Well, Foxtel has broken the bad news: they’re axing Channel [V], ending the TV favourite’s 20-year history after a slump in audience figures.

And what better way to pay tribute to a fallen icon than by revisiting one of its best-loved shows? Every week in the early 2000s Channel [V] hosted Room 208, the on-air dance party that was Boiler Room before Boiler Room existed.

From 6pm on Saturday nights, teenagers would arrive at Fox Studios in droves for their chance to cut shapes on live television. For two hours, hosts Mike Kerry and drag queen Clair De Lune would preside over the dance-off, interviewing the dancers present – who usually came bearing fake names, as though that somehow granted them anonymity on national television – and awarding the most original dancer a $1000 cash prize.

The best bit? As many as 250,000 viewers would tune in every week to watch teens bust out moves like the”shuffle pop yo-yo champion”, making Room 208 one of Channel [V]’s top-rating programs at the time.

Room 208 even became a destination for touring DJs, with the likes of Mark Dynamix stopping by to play sets.

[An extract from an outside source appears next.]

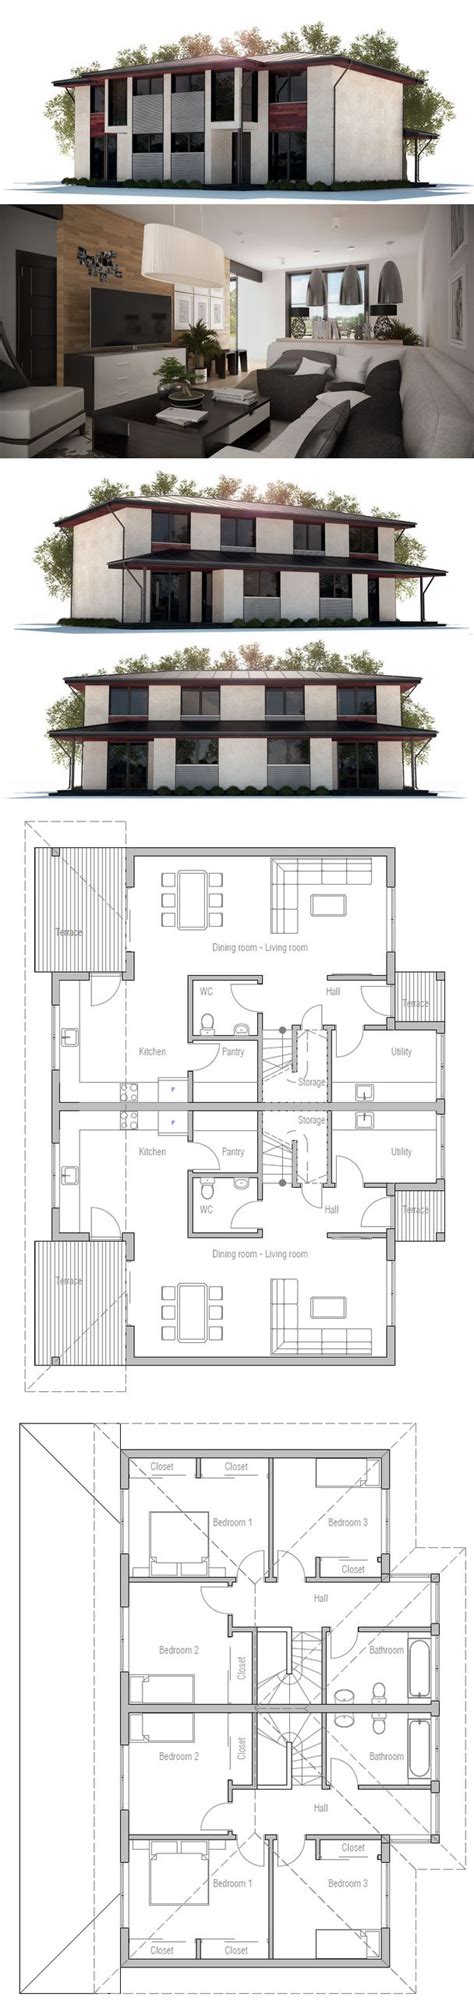 images  duplex house plans  pinterest house master bedrooms  contemporary

It was also a total sweatbox – producers would cram 80 people into a tiny room, turn off the air con and blast the music. “The body odour is so bad that staff spray the audience with deodorant, much like flight attendants spray international aircraft cabins with pesticide before landing in Australia,” the Sydney Morning Herald observed in 2003. “This must be a TV first.”

Naturally, it held a special – if lovingly ridiculed – place in heart of dance fans. “We make it a bit of a tradition and get smashed watching 208 then walk to the local club,” one inthemix forum userwrote in 2002. “It would be good if I could blank out the screen, edit the show so the talking isn’t heard… and just have the music playing.”